Wearable sensors enable personalized predictions of clinical laboratory measurements

Article 24 May 2021

Machine learning prediction of sleep stages in dairy cows from heart rate and muscle activity measures

Article Open access 25 May 2021

40 years of actigraphy in sleep medicine and current state of the art algorithms

Article Open access 24 March 2023

Introduction

Sleep quality and duration play an important role in human health¹. Accurate methods for sleep assessment are needed to monitor the prevalence of poor sleep, to increase our understanding of the relation between sleep and health, and to design effective treatments for insomnia. Additionally, assessment methods need to have a high user-acceptability to reduce the risk of participant dropouts leading to selection bias.

The gold standard for sleep measurement, polysomnography (PSG), is prohibitively expensive and unfeasible for use in large scale population research. On the other hand, the much more feasible sleep diaries can provide information on time in bed but they are subject to recall bias and might be less relevant to assess time slept during this period. Therefore, wearable accelerometers have been explored since the mid-1990s as a possible alternative for multi-day real life (out of the lab) sleep monitoring.

To cope with memory and battery constraints in the early devices, data was pre-processed inside the device.

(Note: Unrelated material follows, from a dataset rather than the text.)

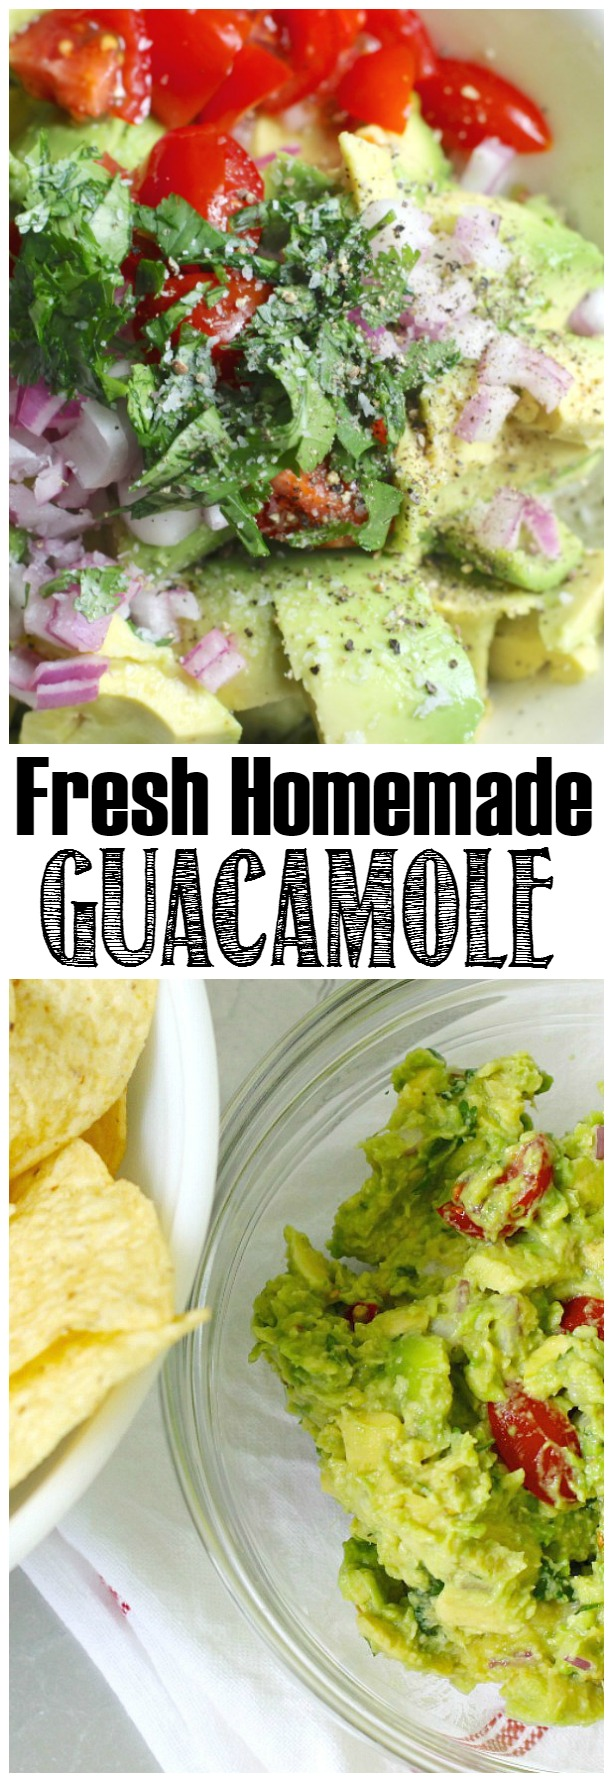 Fresh, homemade guacamole recipe. Yummy!!

Further, these devices had in common that they relied on piezo-electric acceleration sensors not sensitive to gravitational acceleration under static conditions. Technological advancements in the mid-2000s led to a new generation of accelerometers, referred to as raw data accelerometry, which was based on Micro Electro-Mechanical-Systems (MEMS) and able to store up to a week of digitised but otherwise unprocessed data in memory to facilitate offline analysis. These modern accelerometers are sensitive to gravitational acceleration under static conditions.

Offline access to raw data enabled revisiting the entire data processing pipeline as better algorithms emerge over time, which is needed to facilitate longitudinal studies sometimes spanning a lifetime. Further, access to raw data increased the ability to standardise analysis across studies to allow more meaningful comparisons. As a result, raw data accelerometry is now widely used by the health research community^2,3,4.

Cole-Kripke⁵, Sadeh⁶, and Oakley⁷ proposed sleep detection algorithms for the accelerometer in the 1990s. Their algorithms had in common that data was pre-processed onboard the device towards a 30-second aggregate, called count. Cole and Sadeh derived counts with a zero-crossing technique, while Oakley derived counts with an amplitude-based technique. Cole, Sadeh, and Oakley, used a 7, 11, and 5 min time window for count-based sleep detection, respectively^5,6.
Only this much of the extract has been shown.